Grab Your Next Big Promotion—Because No One Will Just Hand it To You (Pt 2)

Grab Your Next Big PromotionLast month, we outlined your overall strategy for grabbing the big promotion you desire.

In short—to get promoted, you need to convince your organization’s relevant decision makers you’re worth taking a risk on. You reduce their risk by meeting your desired position’s objective and subjective requirements before you ask for the job.

Start this process by meeting your desired position’s objective requirements. These are the table stakes for receiving consideration for your desired position. Meet them, and you show your organization’s relevant decision makers that when they place you into the position you desire, that position’s day-to-day operations will proceed without any major disruptions.

To Get Promoted, First Reduce the Risk of Promoting You

Large organizations love these sorts of seamless transitions. Even small disruptions in your desired position’s operations can send shockwaves into other functions and cause real problems for the organization as a whole. Your organization’s relevant decision makers want to minimize these potential problems. When they see that you can “Do the job before you get the job” they feel secure you won’t create any operational disruptions.

But, unfortunately, not all disruptions come from operational issues.

The Biggest Blow Ups Come From Poor Professional Relationships

Interpersonal friction is just as likely to create disruptions within your desired position as operational incompetence. If you don’t get along professionally with all the other people your desired position interacts with, then it doesn’t matter how well you can handle the nuts-and-bolts of the role’s responsibilities. There will be problems, they will be your fault, and they will blow back on the people who took the risk of promoting you in the first place.

Before these relevant decision makers feel confident giving you the promotion you desire, they need to feel—in their guts—that you can smoothly navigate the web of relationships your position sits within.

Navigating Professional Relationships isn’t About Being Liked

Now, don’t worry if you aren’t “Mr. Charisma”. You aren’t doomed to remain in your current position if you aren’t likeable in the traditional sense of the word. You don’t need to “get along” with your colleagues in a social way. No one was ever denied a promotion because they weren’t invited to enough happy hours.

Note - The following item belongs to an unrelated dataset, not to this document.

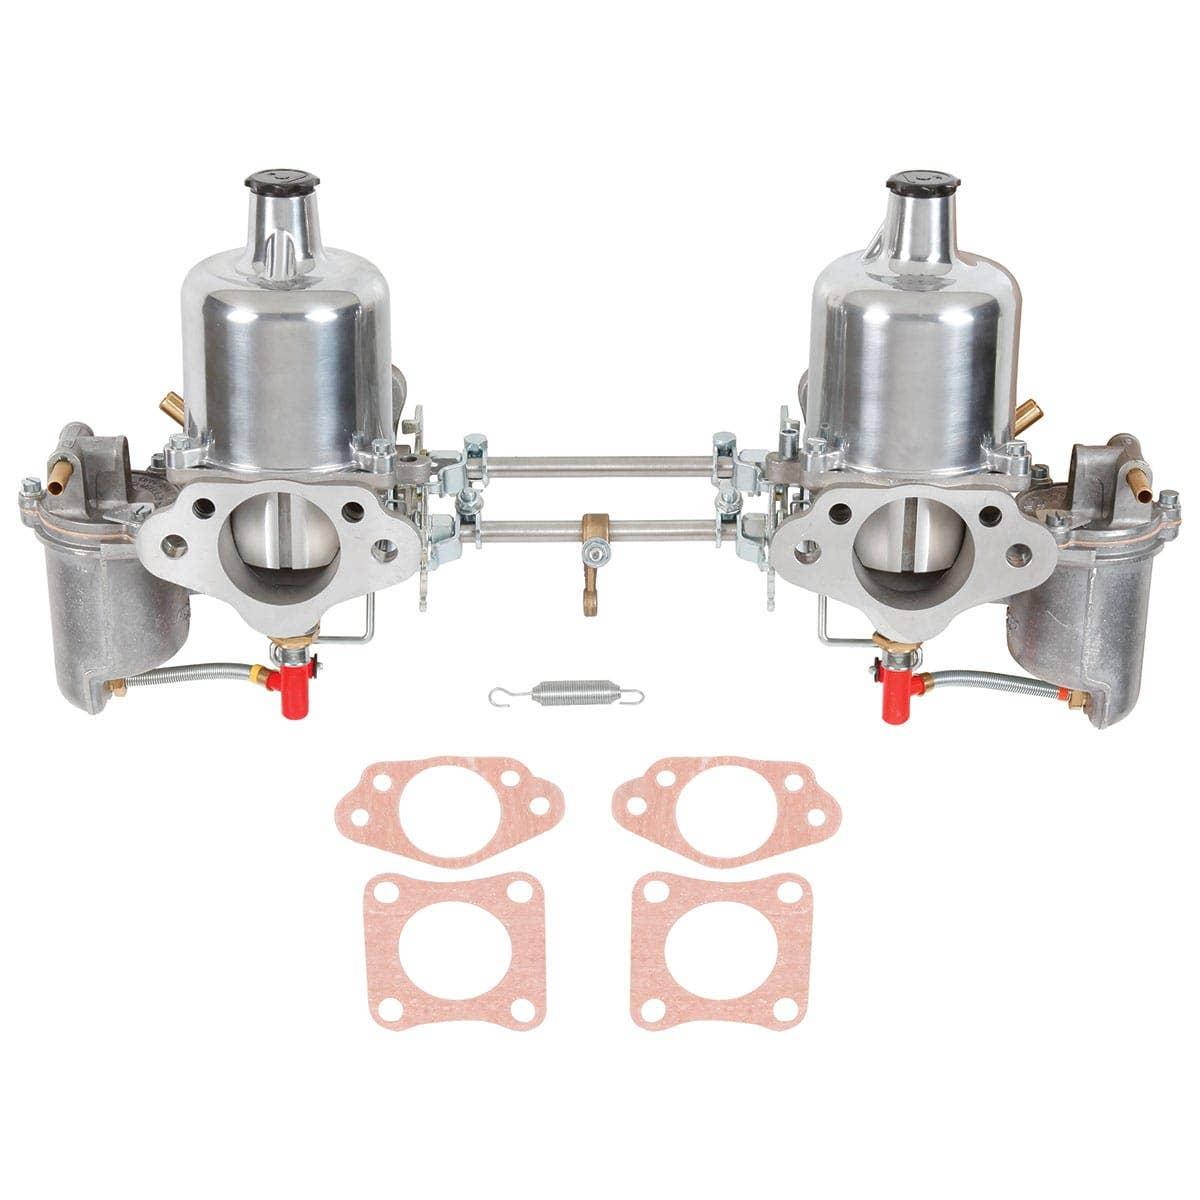 366 418 Hs6 Carburetor Conversion Kit With Heatshield By Genuine Su Fuel Pump Diagram Kits Stage 1

When deciding if you can smoothly navigate your desired position’s web of relationships, your organization’s relevant decision makers only care if you can establish, grow and maintain the professional side of these relationships. Your business-oriented interactions are where problems might occur, and where interactions need to be smooth. Your function won’t suffer through a big work-impacting blow-up if you aren’t asked to join the team’s basketball league, but disruptions will certainly occur if you don’t share the same professional values as the people you work with. You will repeatedly clash over what needs to be done, how it needs to be done, and how the function should be run.

To give your relevant decision makers confidence that you can not only do the job, but that you can get it done without ruffling feathers, you need to make it demonstrably clear you have internalized the same professional values as everyone else at the same level as your desired position.

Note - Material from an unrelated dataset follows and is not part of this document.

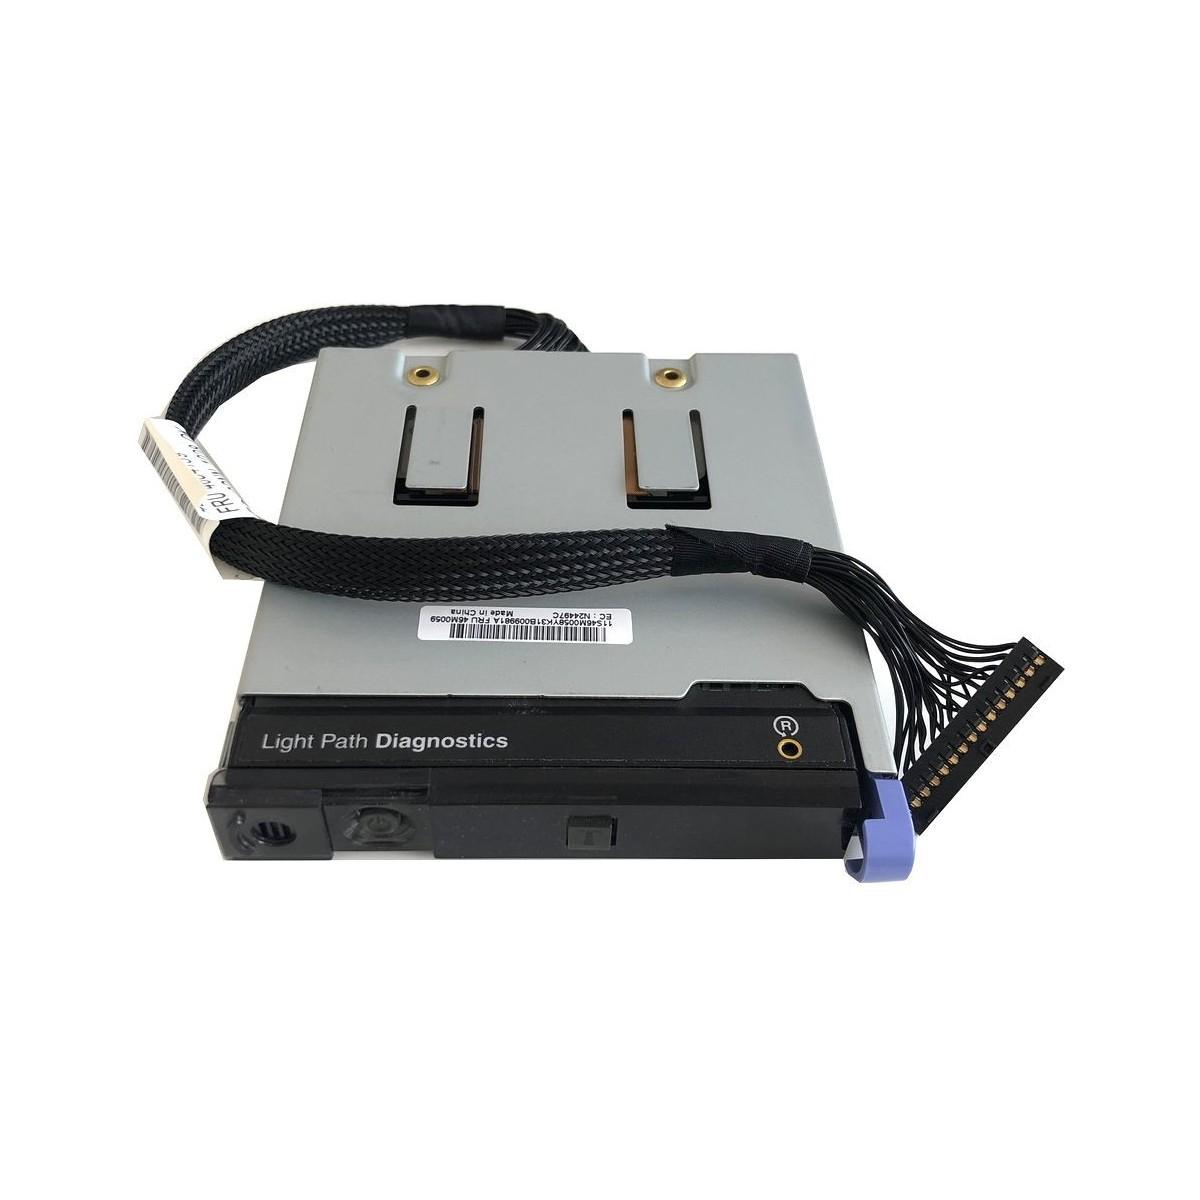 HP Z620 8CORE E5 2660 32GB 256SSD Q4000 WIN10 PRO

Get Your Values in Line Before Your Reach Out to Decision Makers

Next month we’ll dig into an actionable process you can follow to directly reach out to the relevant decision makers within your organization who make the call on whether or not you get promoted. But for March, focus on making sure you are demonstrating the values that will give these decision makers the gut-level feel that you will fit smoothly into the web of relationships your desired position sits within.


March Action Steps

1. Contact HR and ask them for a list of your organization’s core values (they may also be called core competencies).

—Most large organizations will have these written down, and they will have names like “Leadership”, “Change Management”, or “Delivering Value to Our Customers”.

2. Set up a meeting with your manager to discuss these values and to determine whether or not you already demonstrate them.

Work with your manager to construct answers to the following questions:

2a. “Which of these values are most important to develop and demonstrate for the next position on my career track?

2b. “Where do I currently stand with each of those most important values? Please be brutally honest.

2c. “What concrete activities can I undertake, and what concrete outcomes can I achieve, to better develop and demonstrate these values?

3. Assemble your manager’s answer to question “2c”  into a list of actions, and add them to your list of priorities for March.